Long overshadowed by her celebrated brother, Charles, (who achieved lasting fame as the author of the ‘Essays of Elia’ in the London Magazine between 1820 and 1825) Mary Lamb is now recognised as much more than his literary helpmeet: she was responsible for two-thirds of the Lamb’s Tales from Shakespeare, still one of the most popular adaptations of Shakespeare’s stories for children. The Tales has never been out of print since first published in 1807, but it was not until the seventh edition that Mary Lamb’s name appeared alongside her brother’s. In their own time, the Lambs were at the centre of literary London, although, as Duncan Wu pointed out in a review of Sarah Burton’s 2003 biography A Double Life: A Biography of Charles and Mary Lamb, ‘Charles and Mary were an eccentric pair and knew it, “We are like tooth ache and his friend gum boil”. Wu goes on to claim that ‘happy, well-balanced people tend not to be great writers, and the Lambs are two of the best of their kind’.
‘Happy and well-balanced’ Mary Lamb was not. One biographical fact dominates all accounts of her life, and its dramatic nature makes this inevitable. On the 21st of September 1796, aged 31, Mary Lamb stabbed her mother to death with a kitchen knife. From that point on, her mental health was unstable, and she lived under her brother’s care. Nine years her junior, Charles felt all the weight of this responsibility for his sister, and biographers and critics alike have used Mary’s ill-health to explain Charles’s own periods of mental illness, and as the reason he never married.
Despite suffering throughout her life from what now seems to have been manic depression, Mary Lamb had lengthy periods of remission, in which she was able to advance her literary endeavours. Her preoccupation throughout her work seems to have been on the education of young people, and girls in particular. The preface to the Tales from Shakespeare, composed almost entirely by Mary, tells the reader ‘For young ladies too, it has been the intention chiefly to write; because boys being generally permitted the use of their fathers’ libraries at a much earlier age than girls are, they frequently have the best scenes of Shakespeare by heart, before their sisters are permitted to look into this manly book’.
Mary Lamb’s interest in female education is represented in this exhibition by Mrs Leicester’s School, first printed in 1809 for William Godwin’s Juvenile Library. Of the ten stories, Charles contributed three. The framework is not unlike Sarah Fielding’s earlier The Governess, in that the ten stories are the ‘histories’ of the lives of ten girls prior to their arrival at Mrs Leicester’s School.
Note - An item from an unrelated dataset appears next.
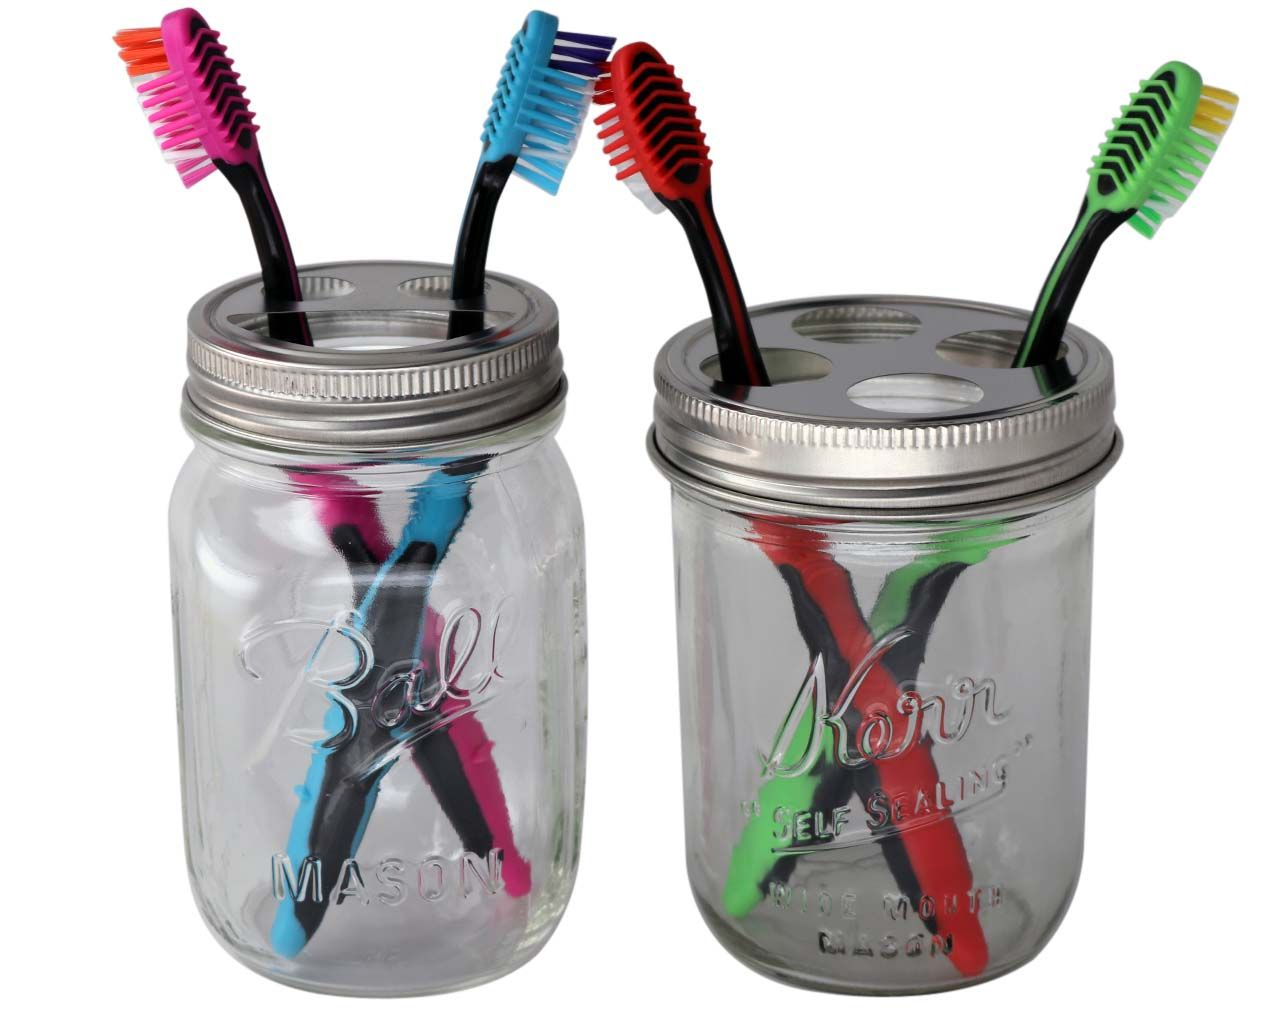 Stainless Steel Toothbrush Holder For Mason Jars Soap Pump

They contain strongly autobiographical elements, the variety of motherless and orphaned girls perhaps serving as a way for Mary to work through her guilt and grief.
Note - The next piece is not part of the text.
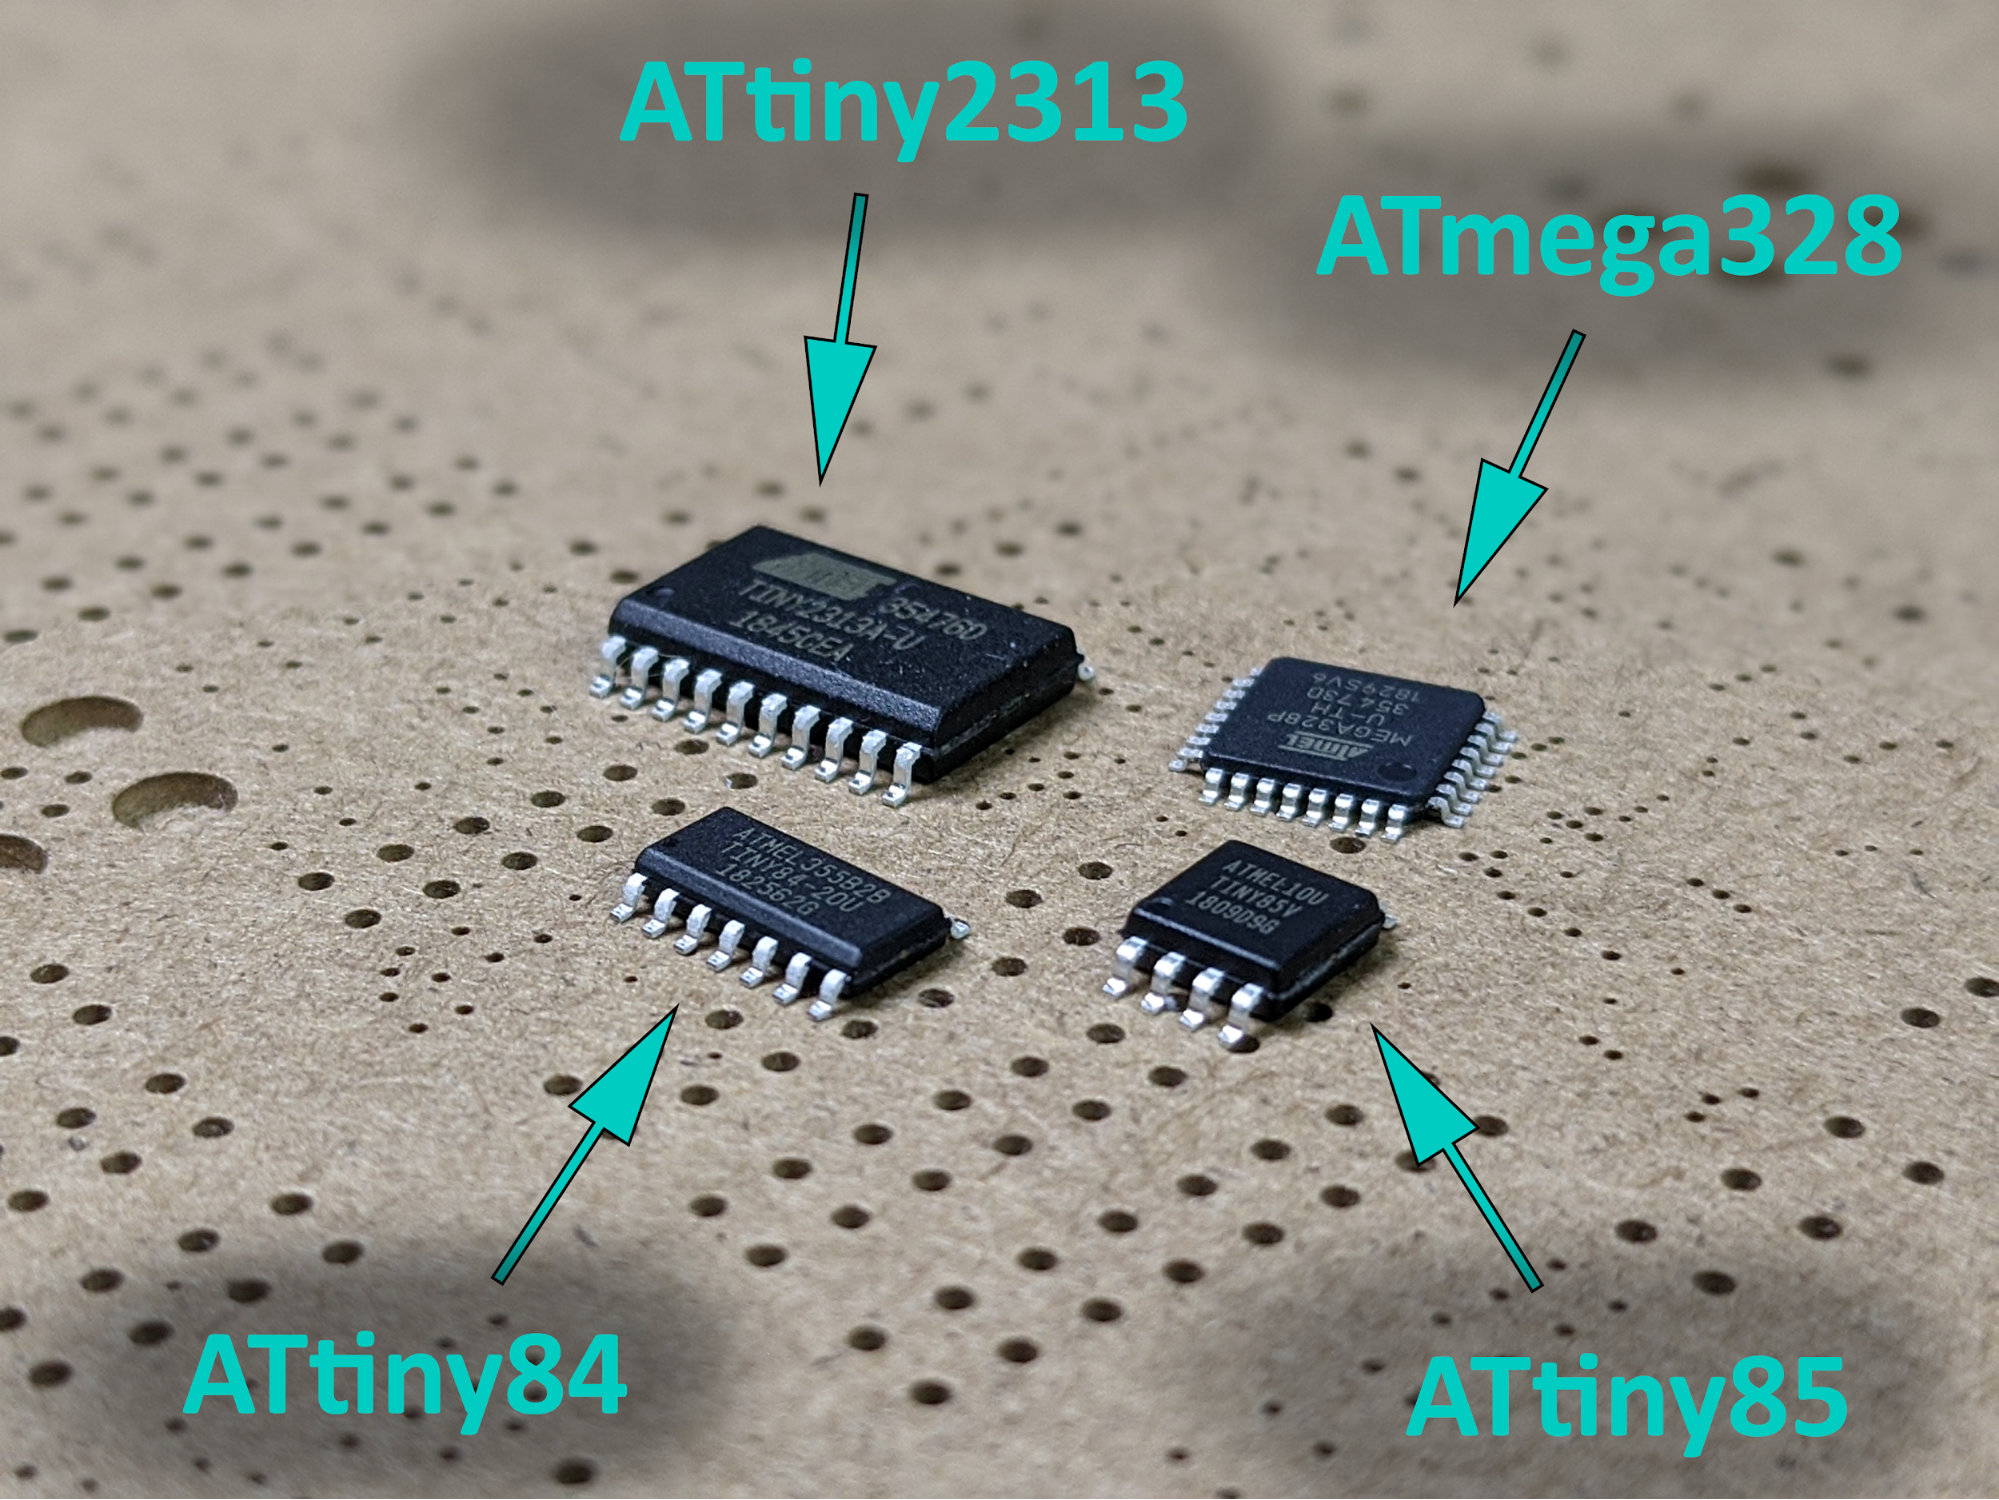 ATtiny_MCU_Preprogrammed_Chips_SH_MP_image6.png

Mary Lamb published little after Poetry for Children, another joint publication with her brother, which appeared like Mrs Leicester’s School in 1809. Her essay ‘On Needlework’ in the British Ladies’ Magazine (1815) was her last publication. In it, she addresses the topic of female education and women’s work and duties more generally. Mary Lamb sees no need for a daughter to be brought up to a ‘learned profession’, which may cause excessive strain. Rather, the time spent doing needlework in leisure hours could be put to good use by selling the products of this leisure, thus contributing to the household income.